Cleveland Clinic, Atrius use cognitive computing to fight physician burnout

Concern about physician burnout has remained consistently high among healthcare leaders, but organizations have relatively few effective tools with which to address the problem. Now, major healthcare industry players are turning to cognitive computing to help them fight physician burnout.
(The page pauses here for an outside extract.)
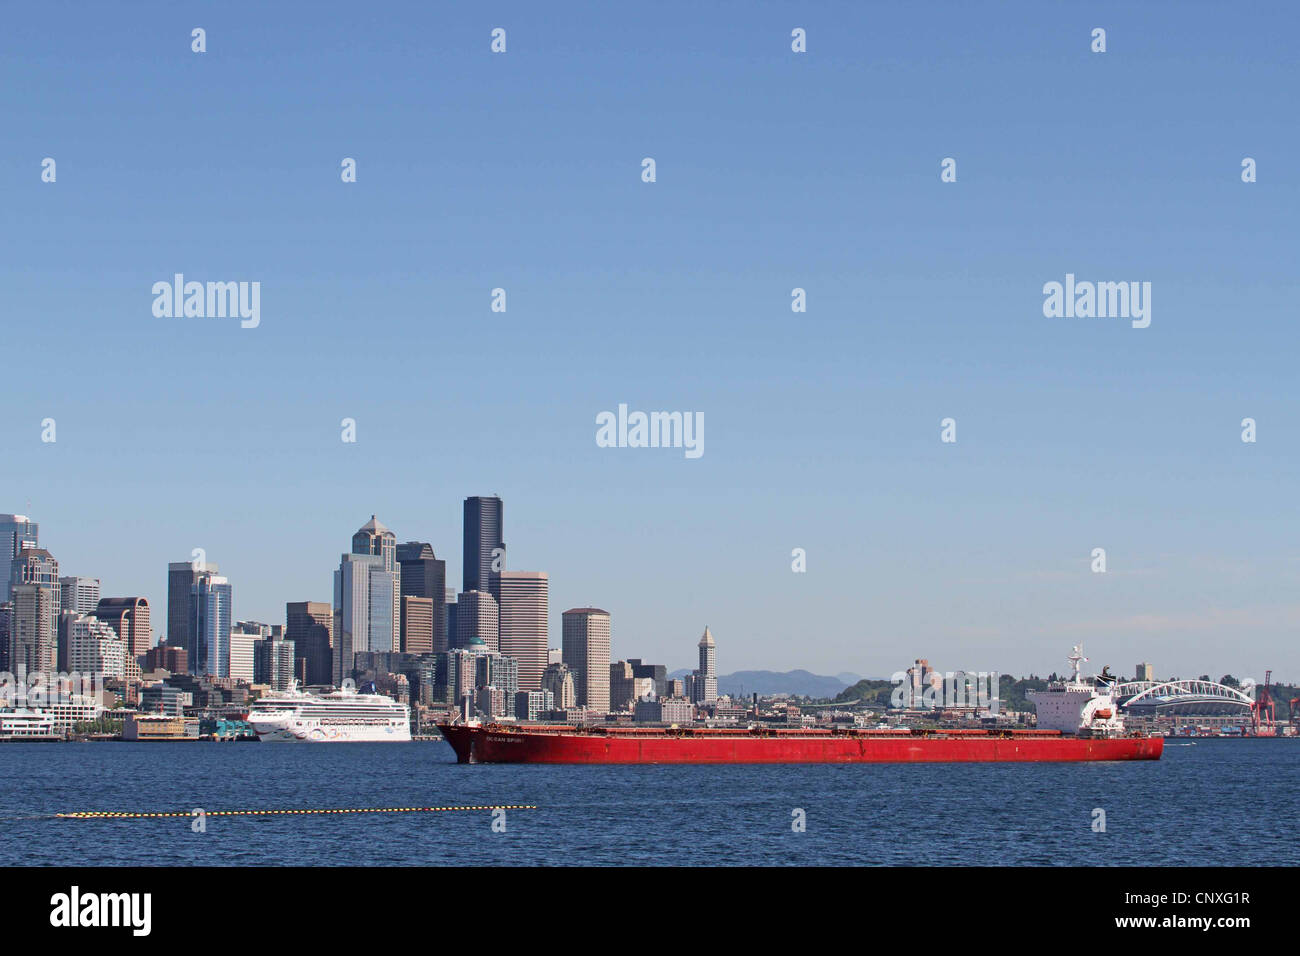 Tanker rouge dans le port, ou le port de Seattle Banque D'Images

Pointing to a pair of high-profile collaborations with IBM Watson by the Cleveland Clinic and Atrius Health, an article in HealthData Management makes the case for cognitive computing as a vital tool for improving efficiency and quality of care.

Even where administrations seek to encourage better work-life balance and social support, the shifts in care delivery after the passage of the Affordable Care Act have frequently caused clinicians to feel more isolated and overwhelmed.

The rise of cognitive computing, where artificial intelligence systems receive training to assist clinicians in synthesizing and navigating huge amounts of data, offers potential for relieving some of the stress physicians face, according to William Morris, M.D., associate chief information officer at the Cleveland Clinic, in a HealthData Management article.

He emphasized that his organization’s partnership with IBM Watson aims to “augment the clinical thought process, not to replace it.”

This is an important distinction for physicians leery of having their independence supplanted by technology, as IBM CEO Ginni Rometty noted in her keynote speech at the 2017 HIMSS conference in February.

Joe Kimura, M.D., chief medical officer of Atrius Health in Boston, sees technology as a critical tool for physicians navigating an increasingly unwieldy amount of medical information. “You feel guilty if you’re not processing all the data to make good decisions for your patients,” he told the publication.